Kurt-Werner Wichmann - lqet
https://en.wikipedia.org/wiki/Kurt-Werner_Wichmann
======
lqet
From [0]:

> Only seven weeks later, on July 12, 1989, three blueberry collectors
> discovered their bodies. [...] They went to the forester to let the police
> know. On the way, they met a brown-haired, well-built, about 40 years old
> man with a bag on his hand. The Kriminalpolizei assumes that this was the
> perpetrator, who sought exactly on this day and this time more victims in
> the Göhrde.

> On July 12, 1989, the day of the discovery of the second murder, the
> 46-year-old housewife Ingrid Warmbier from Uelzen and a 43-year-old district
> manager [...] drove together to the Göhrde.

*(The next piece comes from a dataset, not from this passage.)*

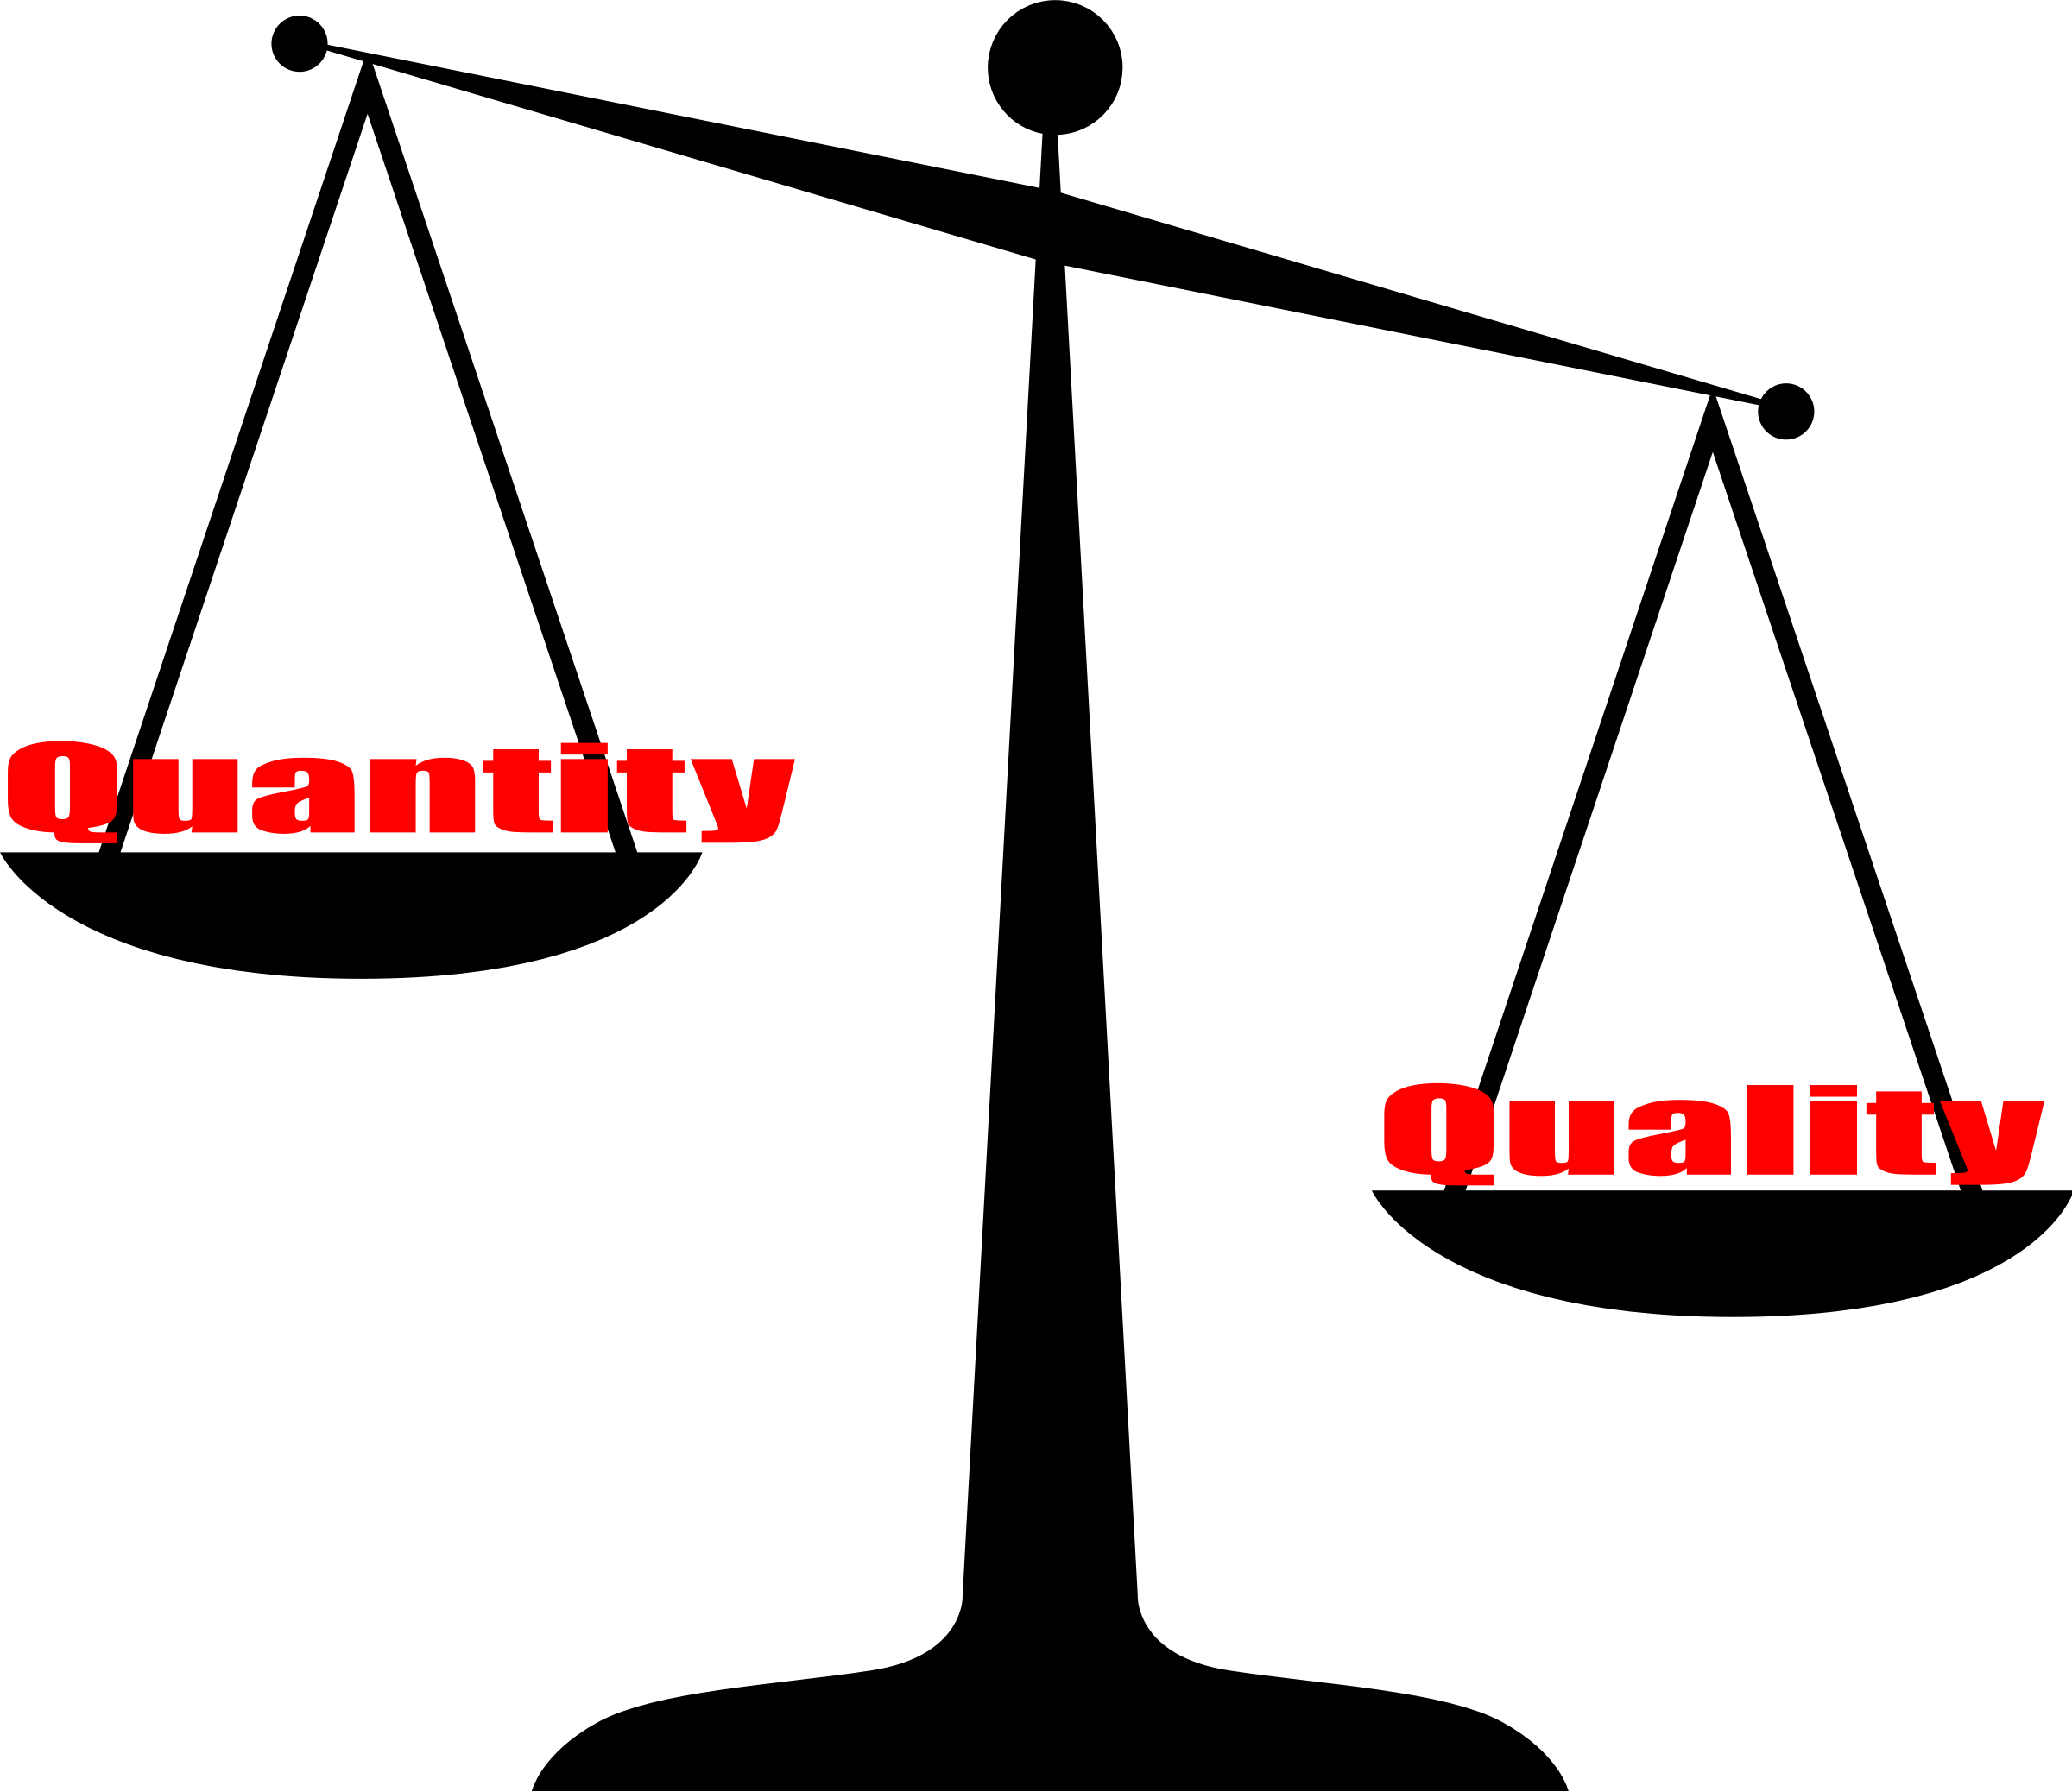 This Free Icons Png Design Of Quality Vs Quantity - Scales Of Justice Clip Art (2400x2076)

> Two weeks later, on July 27, 1989, police officers from the requested police
> unit in the context of a nationwide search for clues discovered the victims
> of the second double murder by chance. The date of death could certainly be
> dated July 12, 1989, the day the police began their investigation into the
> location of the first murdered couple. The scene was located 800 meters from
> the site of the first double murder.

Kurt-Werner Wichmann committed a double murder in a remote forest, met the
discoverers of the bodies on their way back to notify the police, and _killed
another couple a few hours later while the police was investigating the
original bodies 800 meters away_.

[0]
[https://en.wikipedia.org/wiki/G%C3%B6hrde_murders](https://en.wikipedia.org/wiki/G%C3%B6hrde_murders)